Question

Use the periodic table to identify the element with each electron configuration. (a) \([\mathrm{Ne}] 3 s^{2} 3 p^{5}\) (b) \([\mathrm{Ar}] 4 s^{2} 3 d^{10} 4 p^{1}\) (c) \([\mathrm{Ar}] 4 s^{2} 3 d^{6}\) (d) \([\mathrm{Kr}] 5 s^{1}\)

Short answer

The elements are: (a) Chlorine (Cl), (b) Gallium (Ga), (c) Iron (Fe), and (d) Rubidium (Rb).

Step-by-step solution

Identify Element for (a)

The electron configuration \( [\mathrm{Ne}] 3s^{2} 3p^{5} \) suggests that the element has the same electron configuration as Neon (Ne) for the first 10 electrons, plus 2 electrons in the 3s subshell, and 5 electrons in the 3p subshell. The total number of electrons is 17, which corresponds to the element Chlorine (Cl).

Identify Element for (b)

The electron configuration \( [\mathrm{Ar}] 4s^{2} 3d^{10} 4p^{1} \) indicates that the element builds upon Argon (Ar), followed by filling the 4s subshell with 2 electrons, completely filling the 3d subshell with 10 electrons, and adding 1 electron to the 4p subshell. The total is 18 (Ar) + 13 (additional electrons) for a total of 31, identifying the element as Gallium (Ga).

Identify Element for (c)

By the electron configuration \( [\mathrm{Ar}] 4s^{2} 3d^{6} \) the element is based on Argon (Ar). It has an additional 2 electrons in the 4s subshell and 6 in the 3d subshell. Adding these to Argon's 18 electrons gives us 26 electrons in total, which is the element Iron (Fe).

Identify Element for (d)

The electron configuration \( [\mathrm{Kr}] 5s^{1} \) starts with Krypton (Kr). Since it is followed by a single electron in the 5s subshell, the element must have 36 (Kr) + 1 additional electron, for a total of 37 electrons, which identifies the element as Rubidium (Rb).

Key concepts

Understanding the Periodic Table

The periodic table is a comprehensive chart that organizes all known chemical elements in a systematic way based on their atomic number, which is the number of protons in the nucleus of an atom. Elements are arranged in rows called periods and columns known as groups or families, with each group sharing similar chemical properties.

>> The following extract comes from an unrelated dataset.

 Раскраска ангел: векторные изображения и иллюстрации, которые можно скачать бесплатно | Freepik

For students working on electron configurations, the periodic table is an invaluable tool. As you move from left to right across a period, each element has one more proton and is typically one electron more than the previous element. Elements are also grouped by their electron configurations; for instance, the noble gases found in the rightmost column have full electron outer shells, making them largely non-reactive.

Element Identification Using Electron Configurations

When identifying an element from its electron configuration, you can use the periodic table to help you understand how the subshells are filled. For instance, the first two electrons in a neutral atom will fill the 1s orbital. The next two go into the 2s orbital, followed by six into the 2p orbitals, and so on. Recognizing these patterns is key in deciphering the element being described.

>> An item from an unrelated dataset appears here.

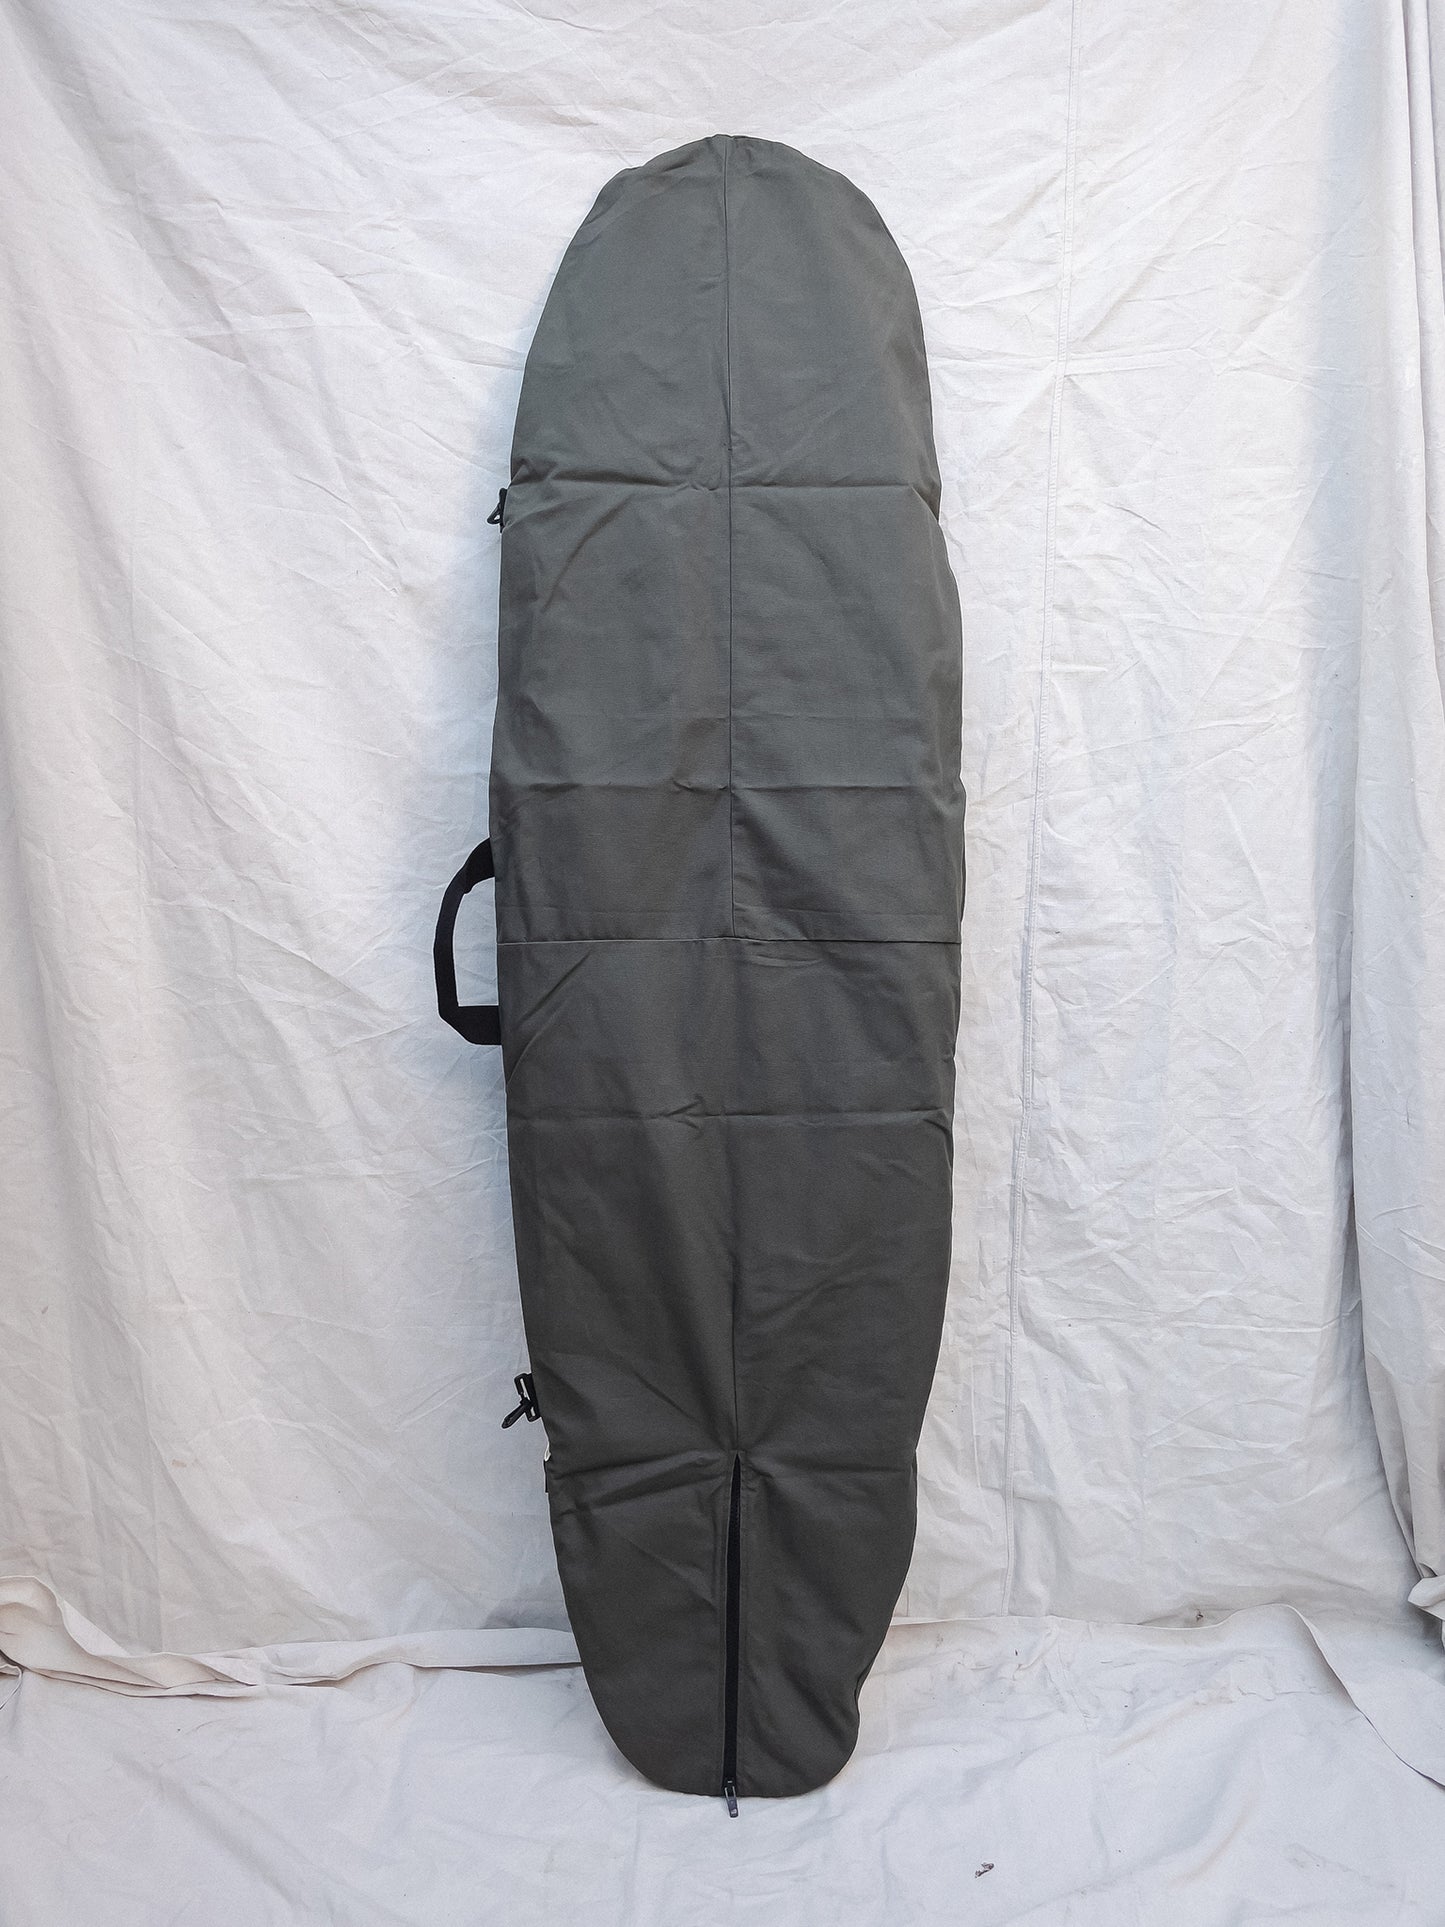 Olive Board Bag - 7’

Atomic Structure Fundamentals

Atomic structure refers to the composition and arrangement of protons, neutrons, and electrons within an atom. The protons and neutrons reside in the nucleus at the center of the atom, while electrons orbit the nucleus in various energy levels or shells. These energy levels contain subshells (s, p, d, and f) where electrons are found.

Understanding atomic structure is essential for mastering electron configurations. Electrons fill subshells in a particular order based on their energy levels, often described by Aufbau's principle, which states that electrons fill lower energy orbitals first. Additionally, Hund's rule explains that electrons will fill an unoccupied orbital before they pair up.

Electron Configuration Patterns

Electron configurations follow a 'map' of where the electrons are located around the nucleus. For example, the notation \(2s^{2}\) implies there are two electrons in the 's' orbital of the second energy level. By understanding these notations and rules, the atomic structure of an element becomes clear, facilitating the identification process as described in the solved exercise.

Chemical Elements and Their Properties

Chemical elements are substances consisting of only one type of atom, distinguished by the number of protons in the nucleus, which is the atomic number. Each element has unique properties and a specific electron configuration that can predict chemical reactions and bonding behavior.

The properties of elements are influenced by their atomic structure, particularly the configuration of their valence electrons, or the electrons in the outermost shell. For example, elements with a full valence shell are generally inert, whereas elements with only one valence electron, like the alkali metals, are highly reactive.

Real-World Application

Understanding an element's electron configuration has practical applications. In the exercise, recognizing the electron configurations and using the corresponding periodic number helps identify the element. This knowledge is crucial for predicting how an element will interact with others, its role in chemical reactions, or its utility in various technological or industrial applications.